● Problem details
Your answer must be the data repeated exactly, with no pictures in it.
### Recorded information ###
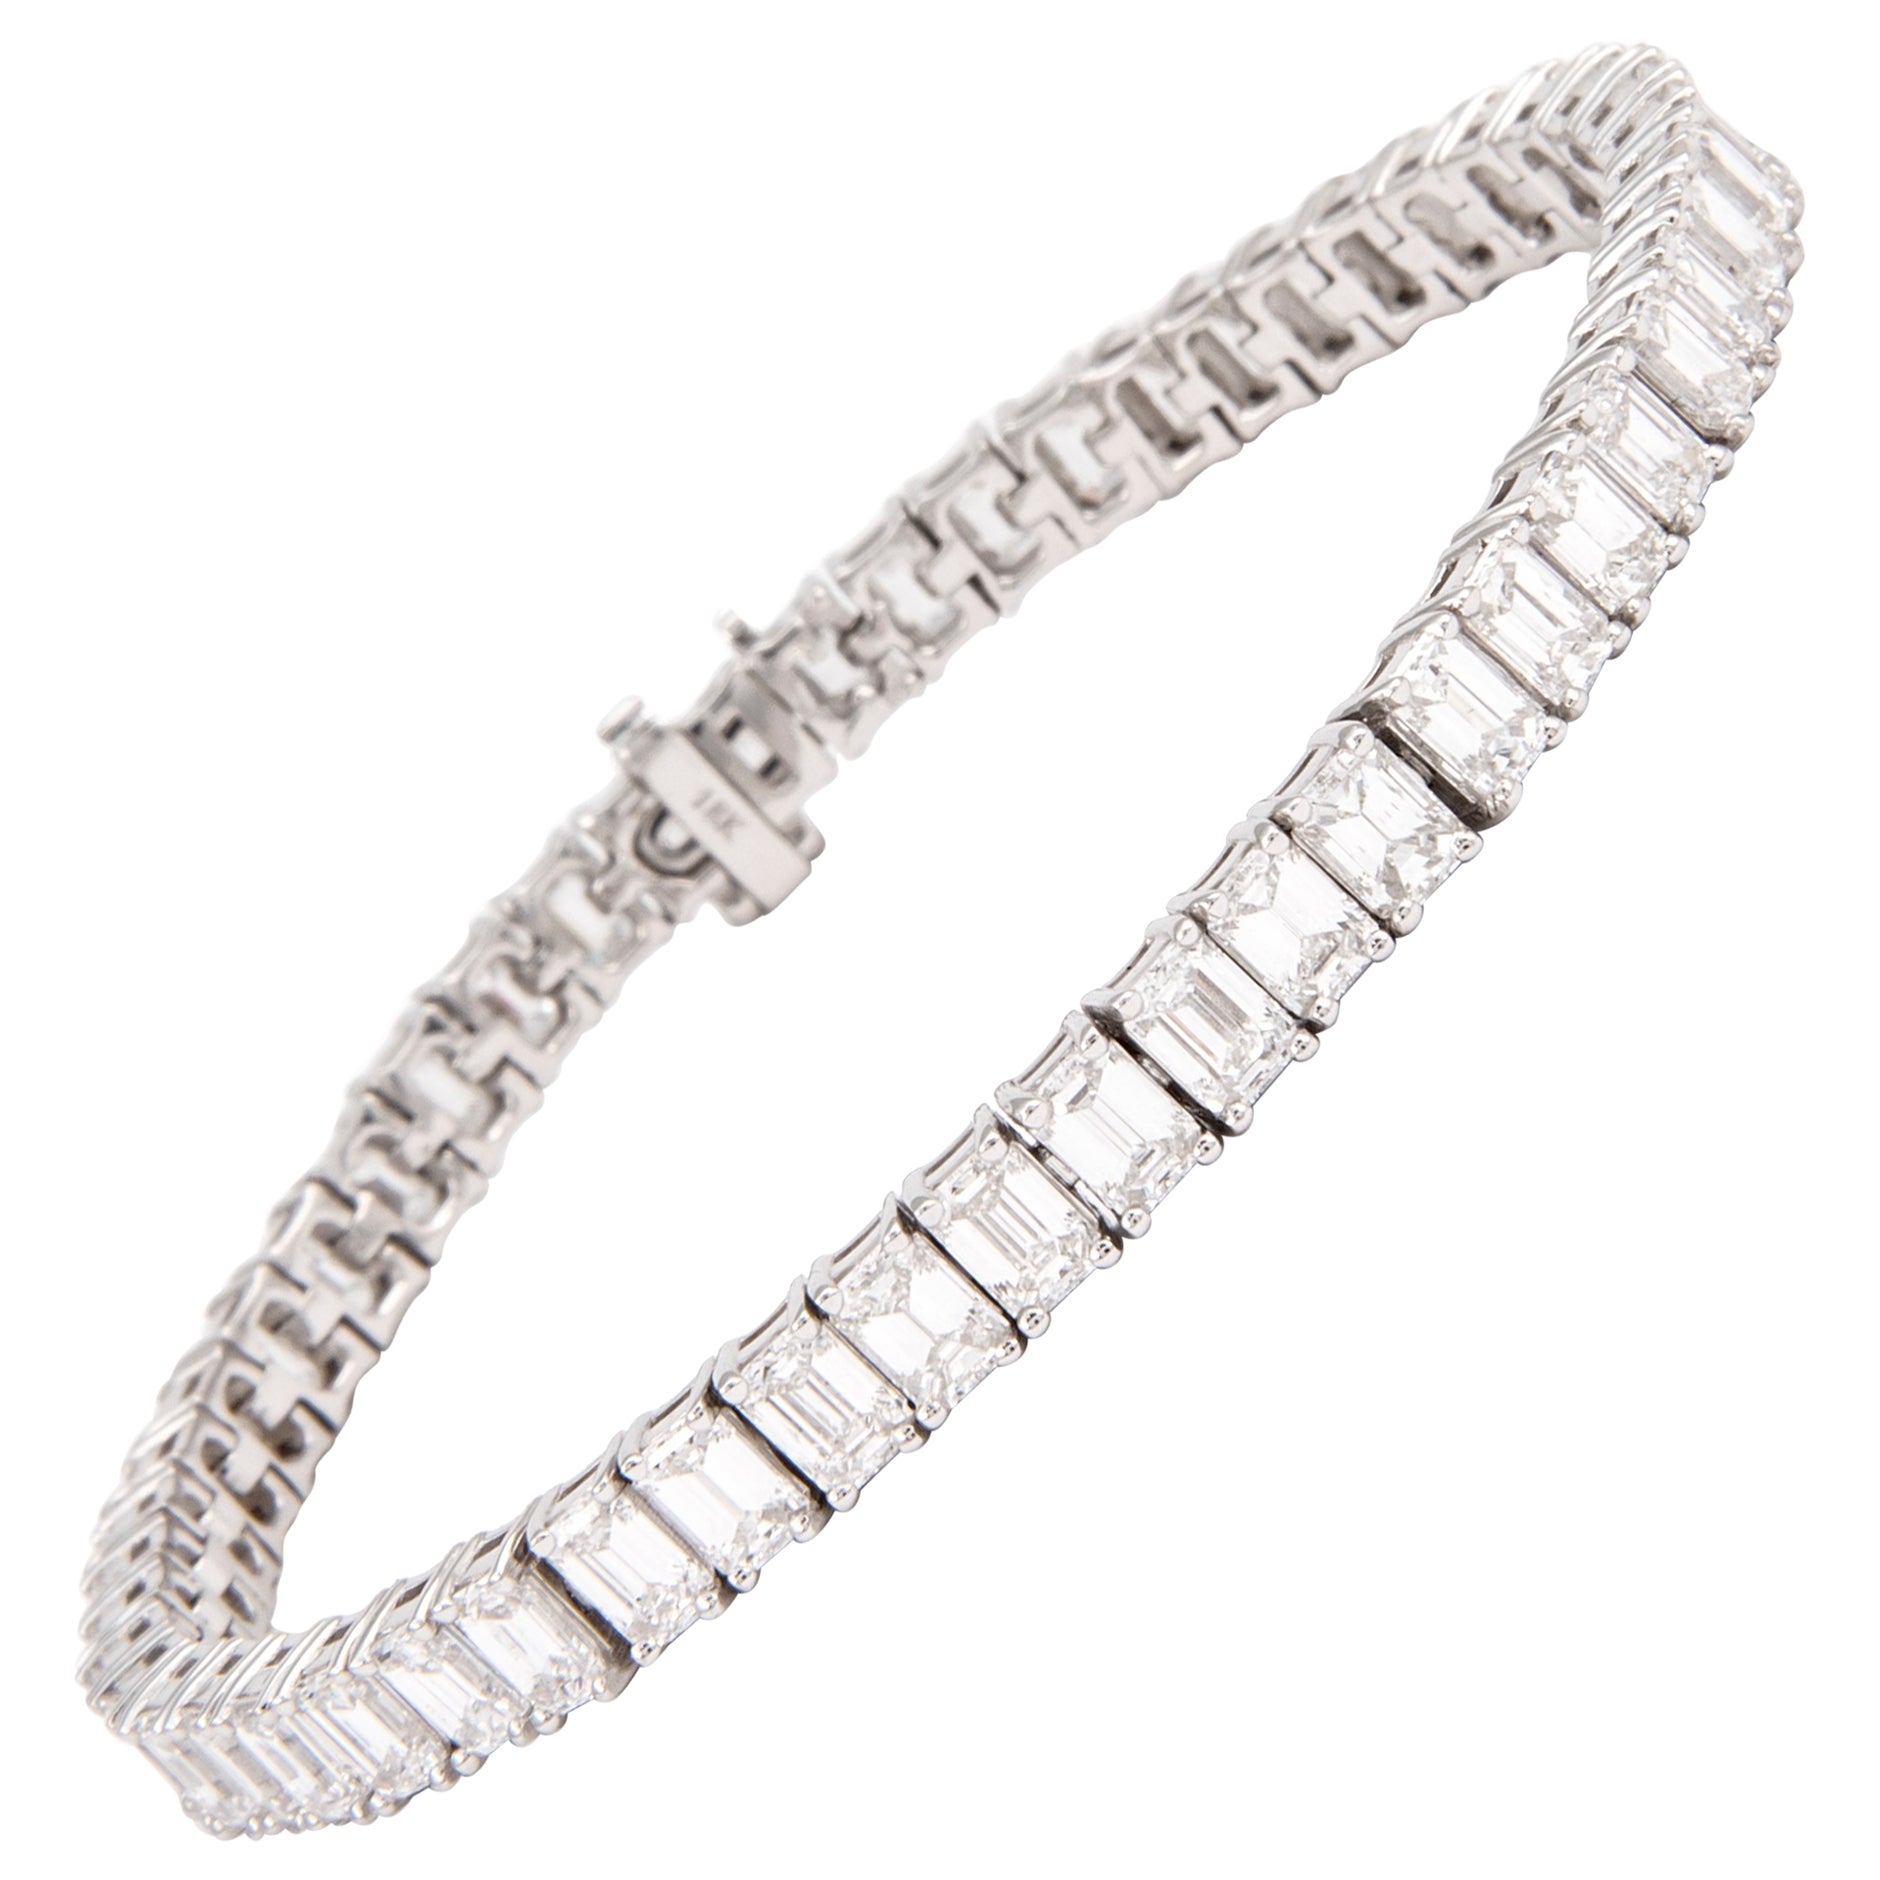 Alexander 12.65 Carat Emerald Cut Diamond Tennis Bracelet 18-Karat White Gold
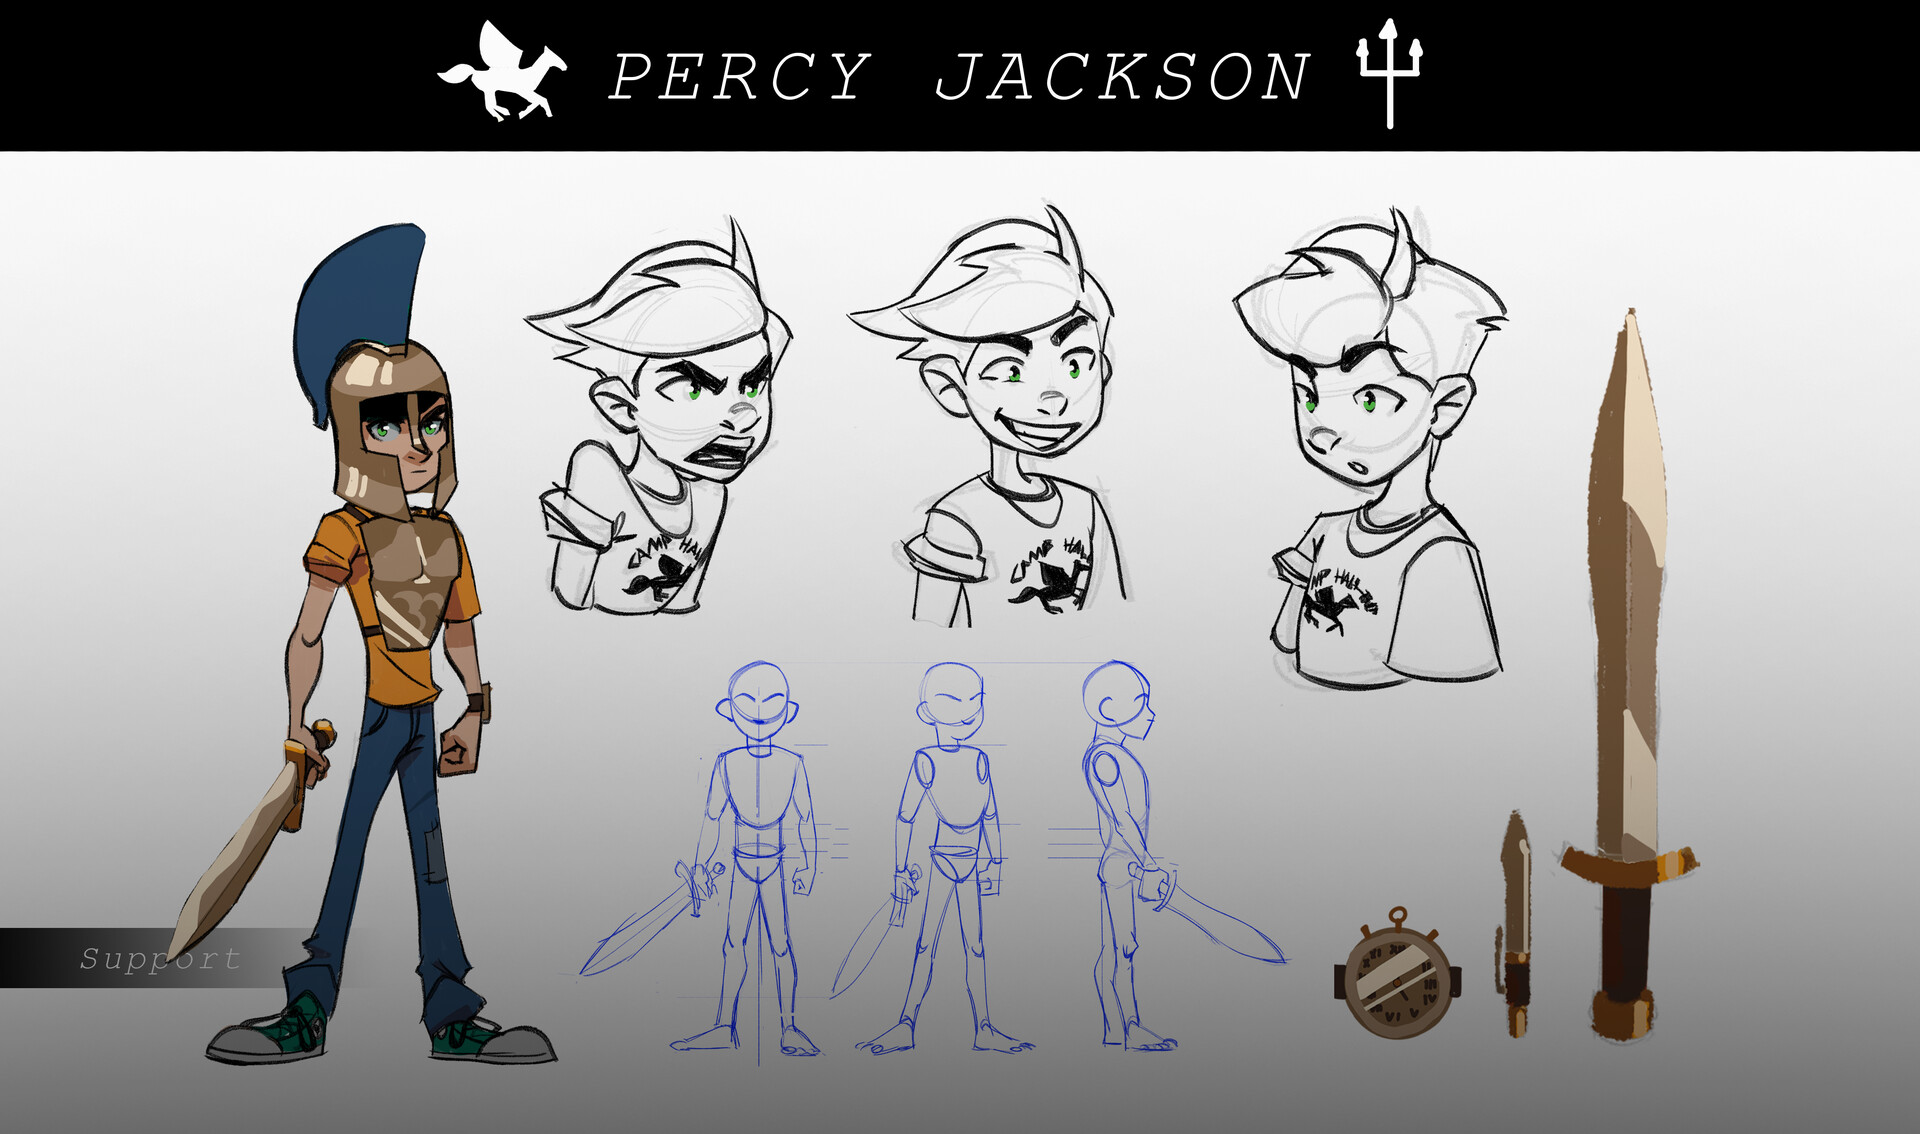 ArtStation - Percy Jackson Animation
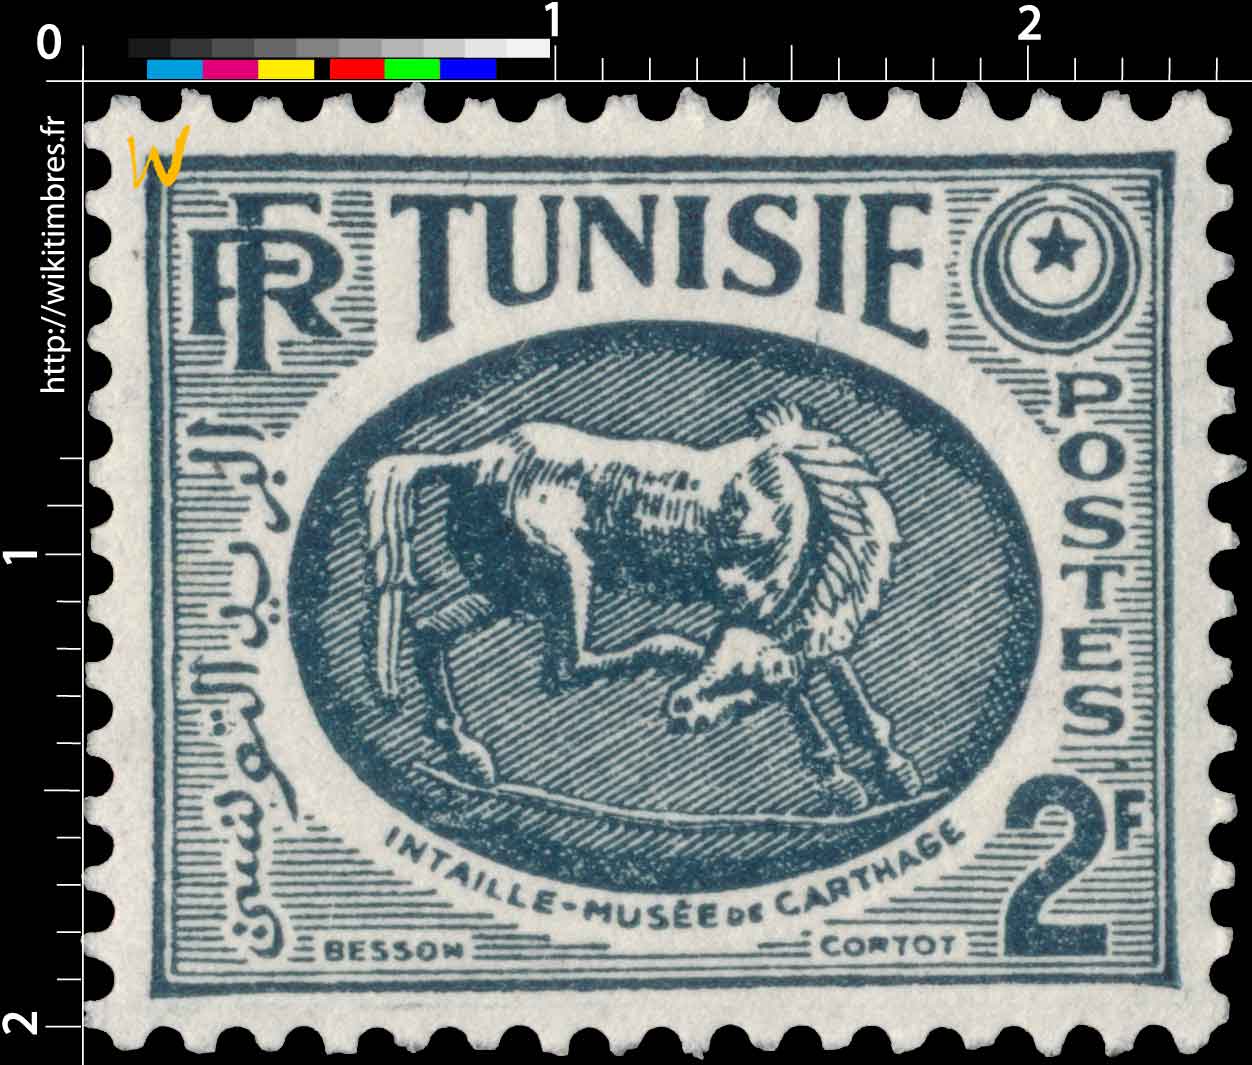 Tunisie - Intaille musée de Carthage
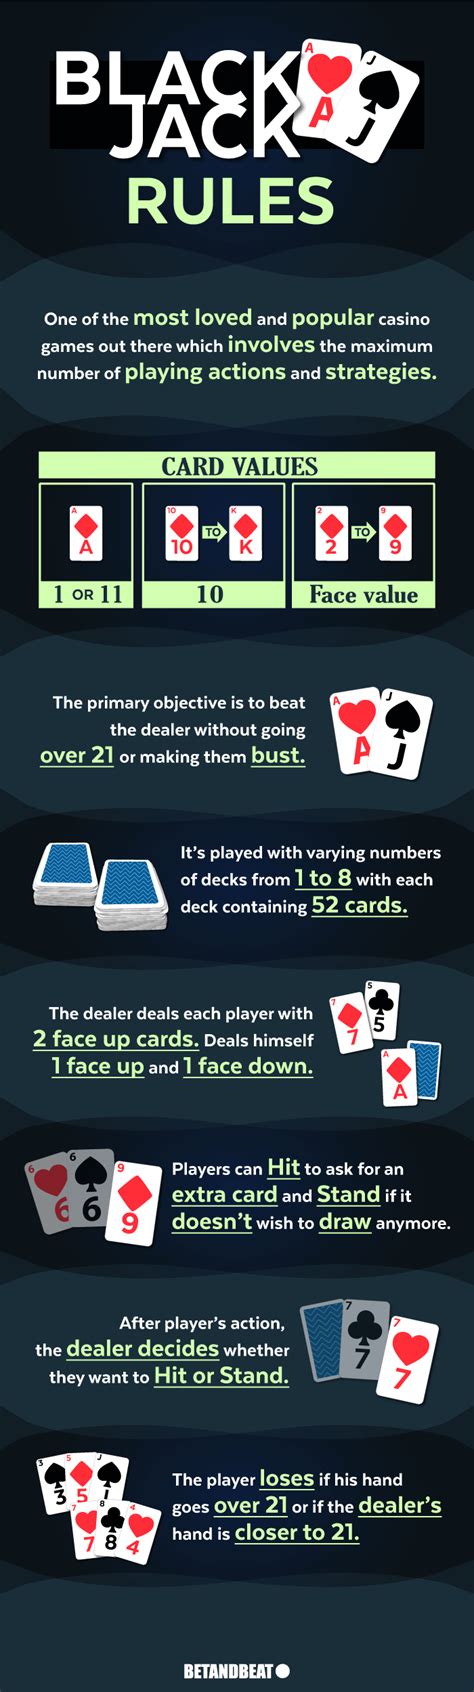 blackjack rules deck of cards rdwl
###
● Exercise answer
 Alexander 12.65 Carat Emerald Cut Diamond Tennis Bracelet 18-Karat White Gold
 ArtStation - Percy Jackson Animation
 Tunisie - Intaille musée de Carthage
 blackjack rules deck of cards rdwl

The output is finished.